Man sues to ease process of taking wife's

last name

 

By AP from the Home News Tribune Online, January 13, 2007

 

LOS ANGELES -- Mike Buday isn't married to his last name.  In fact, he and his fiancee decided before they wed that he would take hers.

But Buday was stunned to learn that he couldn't simply become Mike Bijon when they married in 2005.

As in most other states, that would require some bureaucratic paperwork well beyond what a woman must go through to change her name when marrying.

Instead of completing the expensive, time-consuming process, Buday and his wife, Diana Bijon, enlisted the American Civil Liberties Union and filed a discrimination lawsuit against the state of California.  They claim the difficulty faced by a husband seeking to change his name violates the equal protection clause of the 14th Amendment.

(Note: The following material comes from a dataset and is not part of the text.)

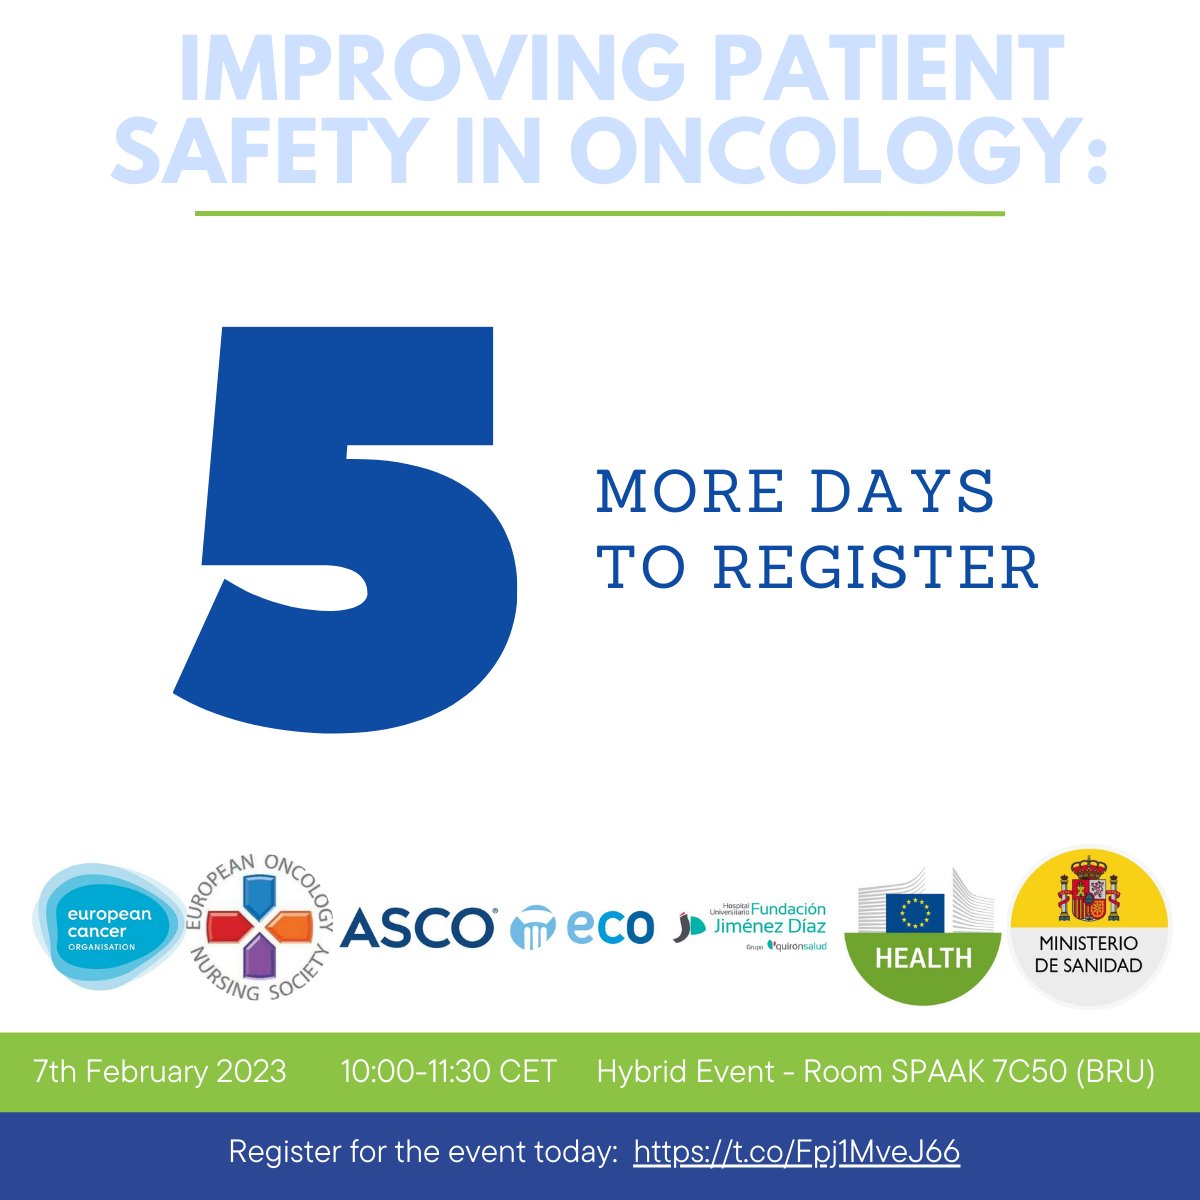 Only FIVE more days until our Parliament event calling on the @EU_Commission to strengthen #HealthCareSystems by adding #patientsafety into Europe's #BeatCancerPlan. Register today to reserve your spot in the high-level discussion👉bit.ly/3WODU45

Mark Rosenbaum, legal director of the ACLU in Southern California, said it is the first federal lawsuit of its kind in the country.

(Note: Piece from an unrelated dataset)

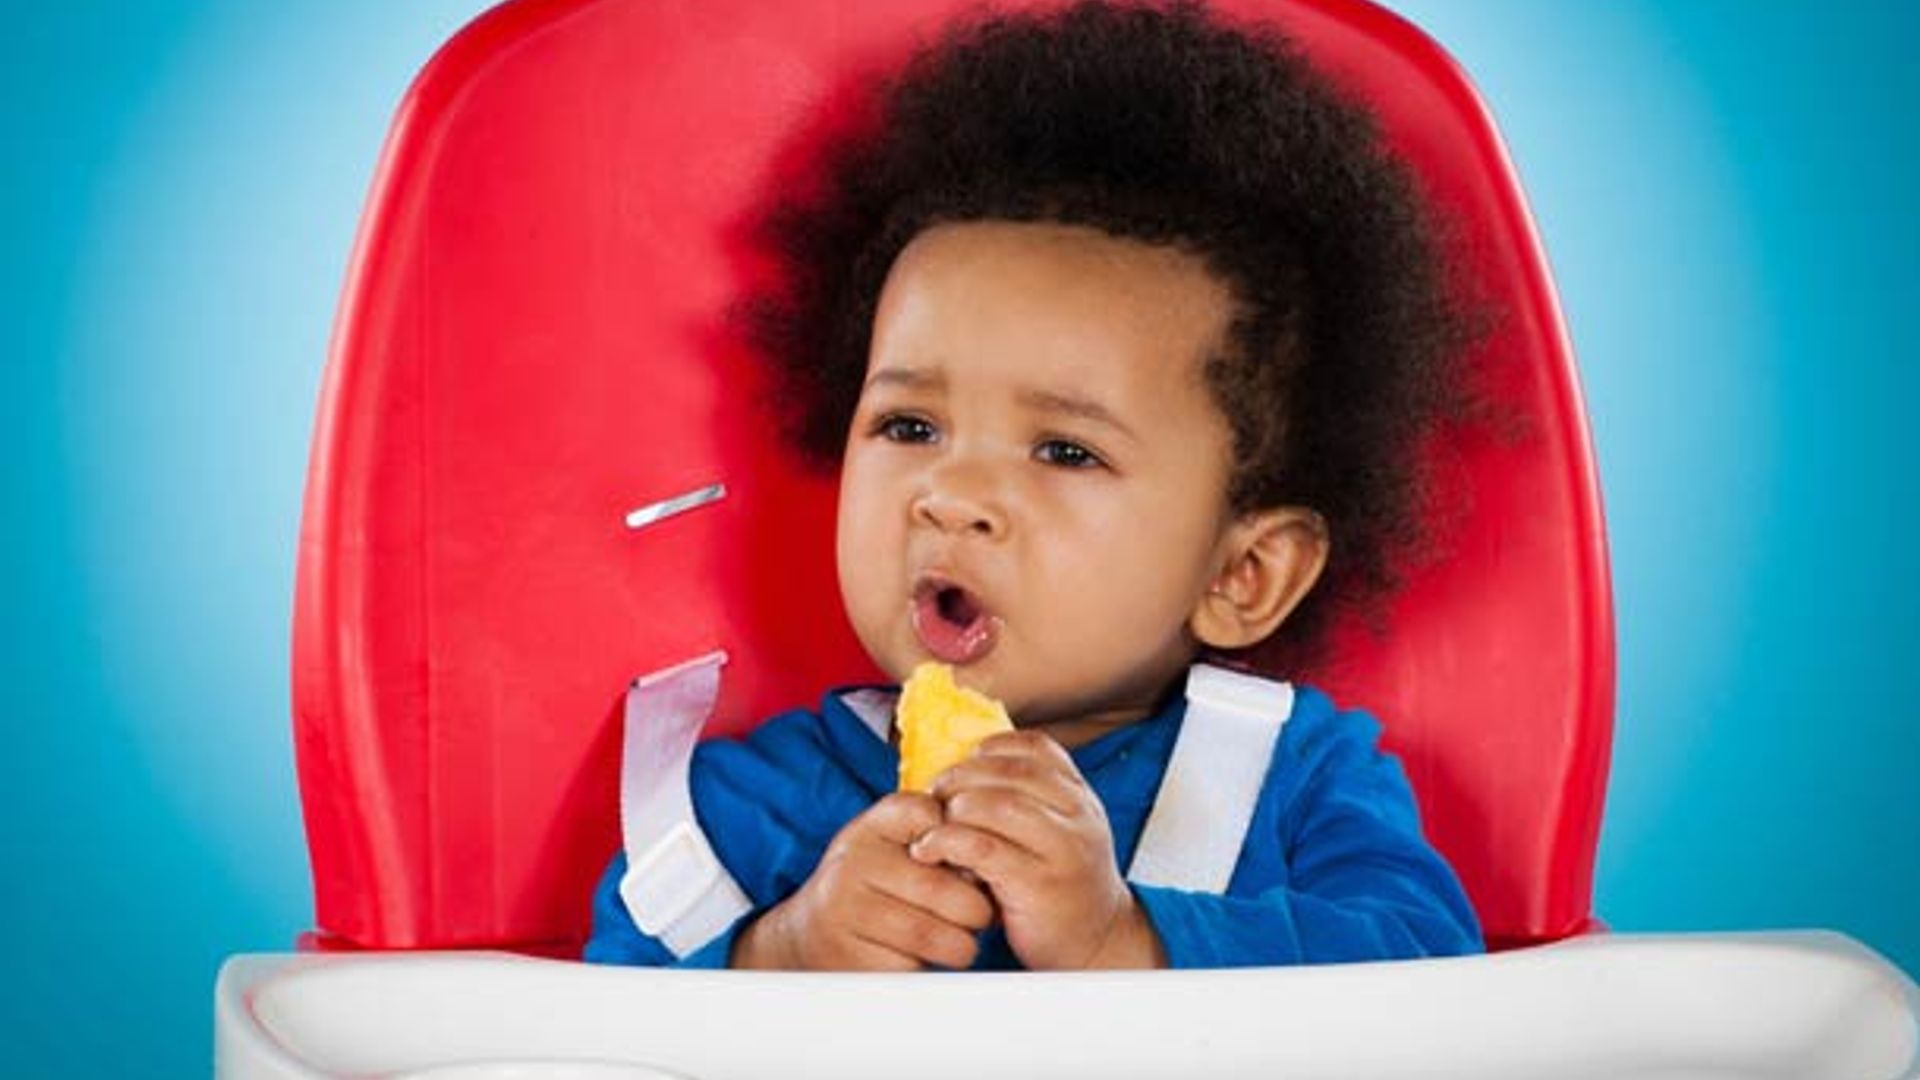 Mango and cinnamon revealed as most exciting tastes for babies

Only six states -- Georgia, Hawaii, Iowa, Massachusetts, New York and North Dakota -- have statutes establishing equal name-change processes for men and women when they marry.  In California and other states, men cannot choose a different last name while filing a marriage license.

In California, a man who wants to take his wife's name must file a petition, pay more than $300, place a public notice for weeks in a local newspaper and then appear before a judge.

Because of Buday's case, a California state lawmaker has introduced a bill to put a space on the marriage license for either spouse to change names.